■ The data
• • • •

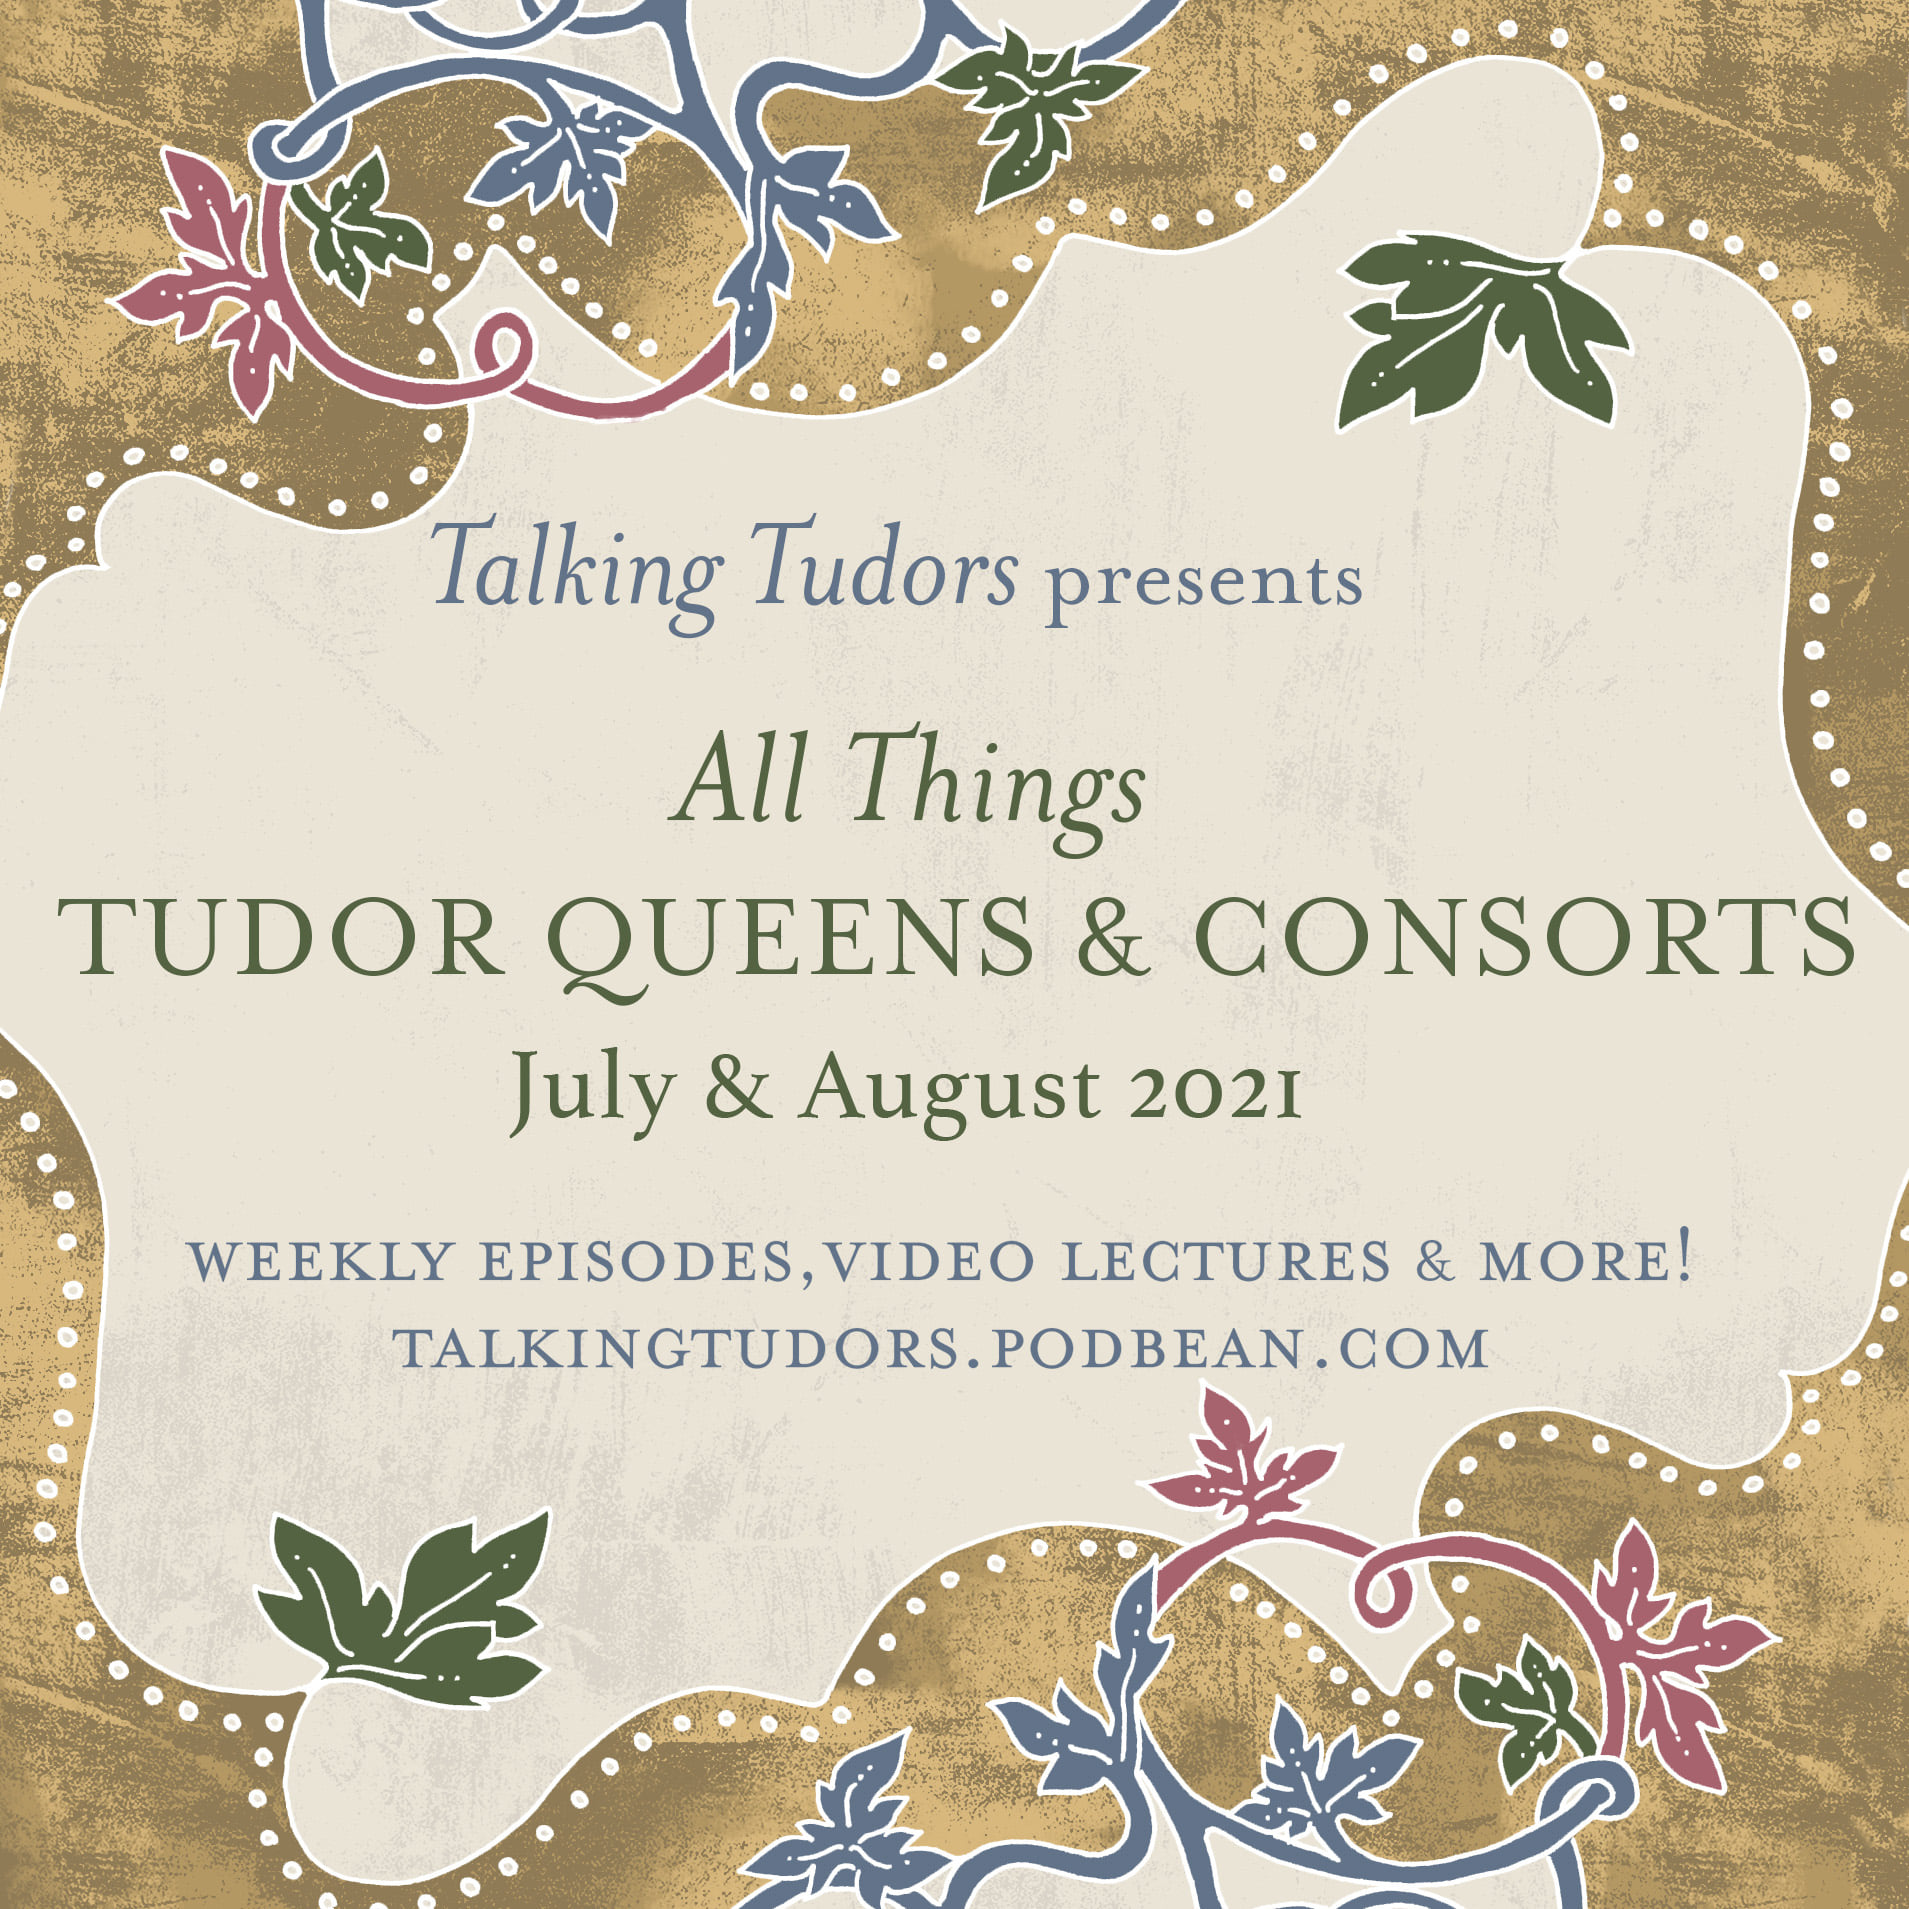 All Things Tudor Queens & Consorts
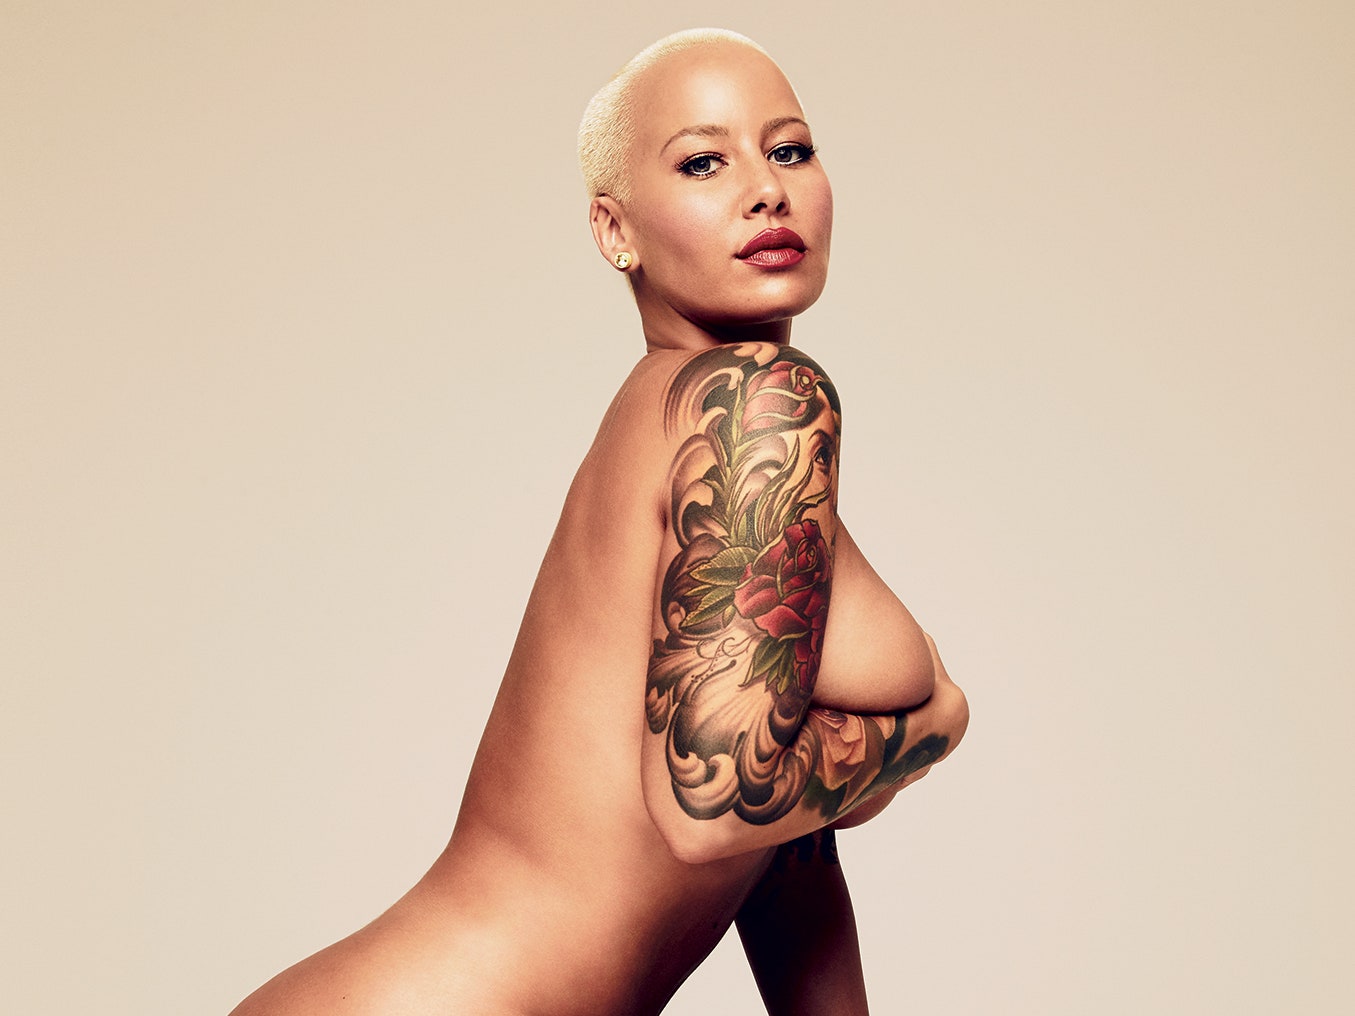 aida clinton recommends amber rose butt naked pic
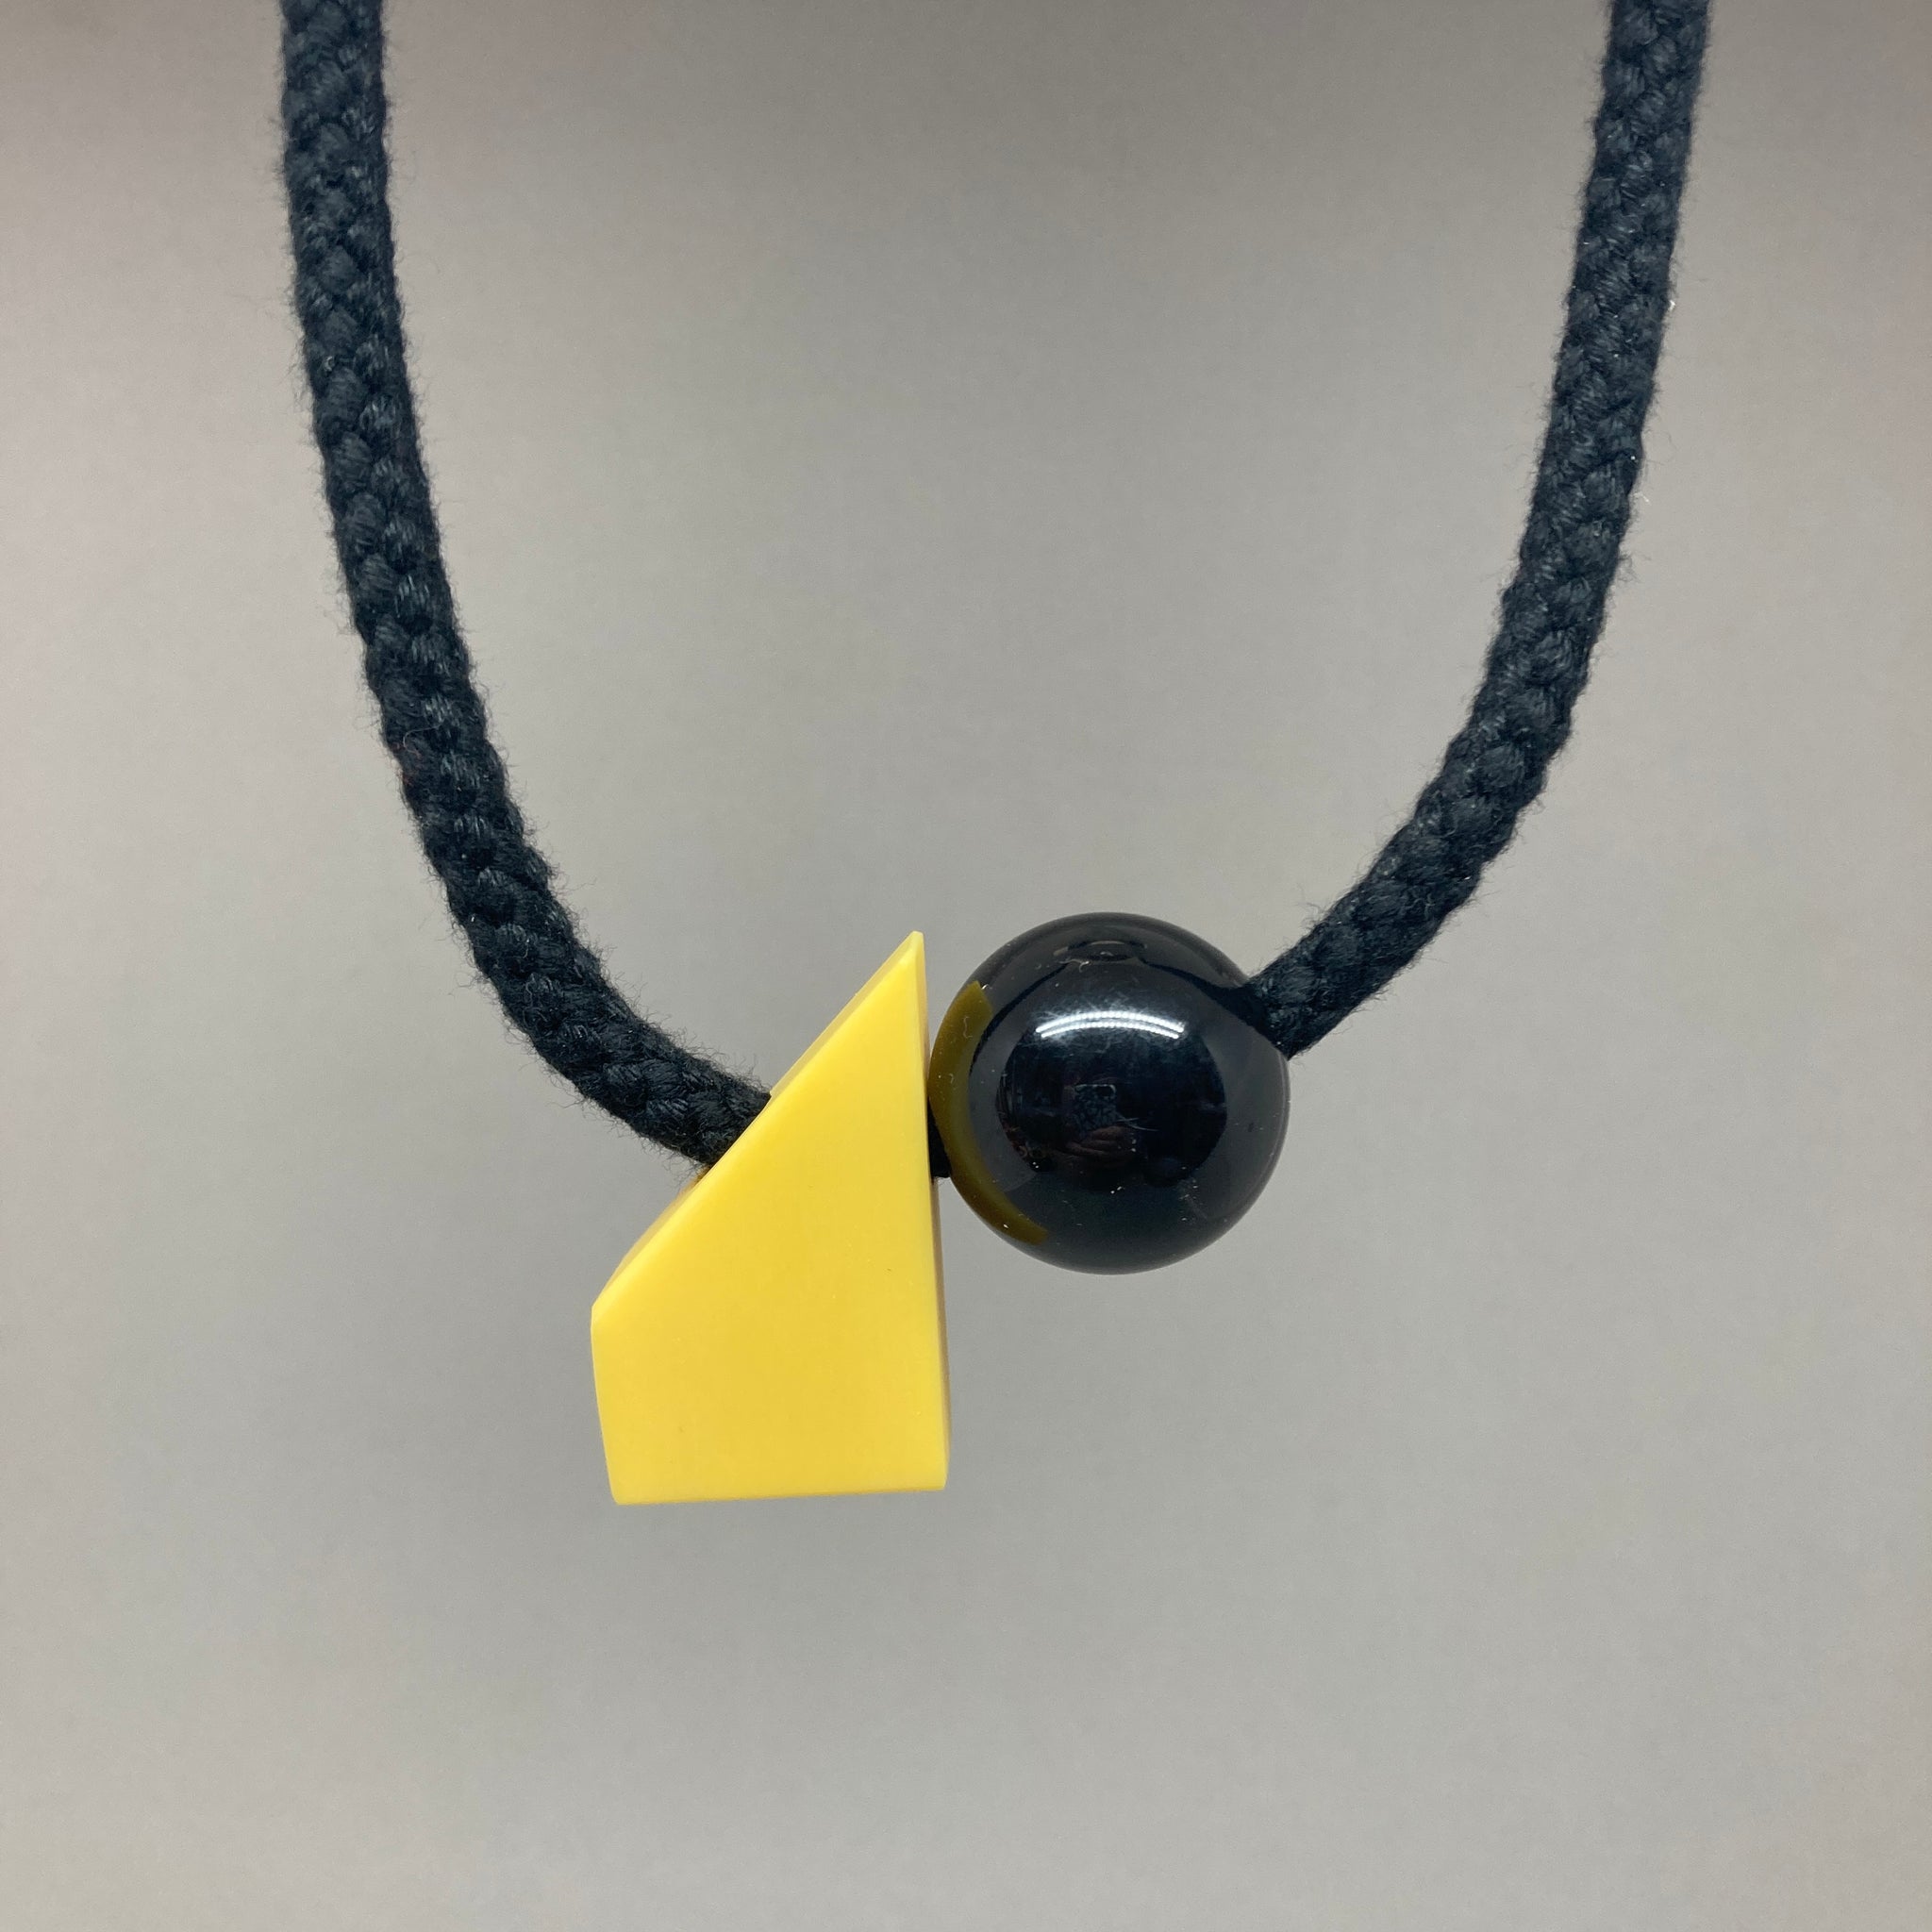 Sample sale necklace with yellow shape

• • • •

■ Work to complete
Each line above is to be transcribed exactly, though its pictures are not.

■ Solution
 All Things Tudor Queens & Consorts
 aida clinton recommends amber rose butt naked pic
 Sample sale necklace with yellow shape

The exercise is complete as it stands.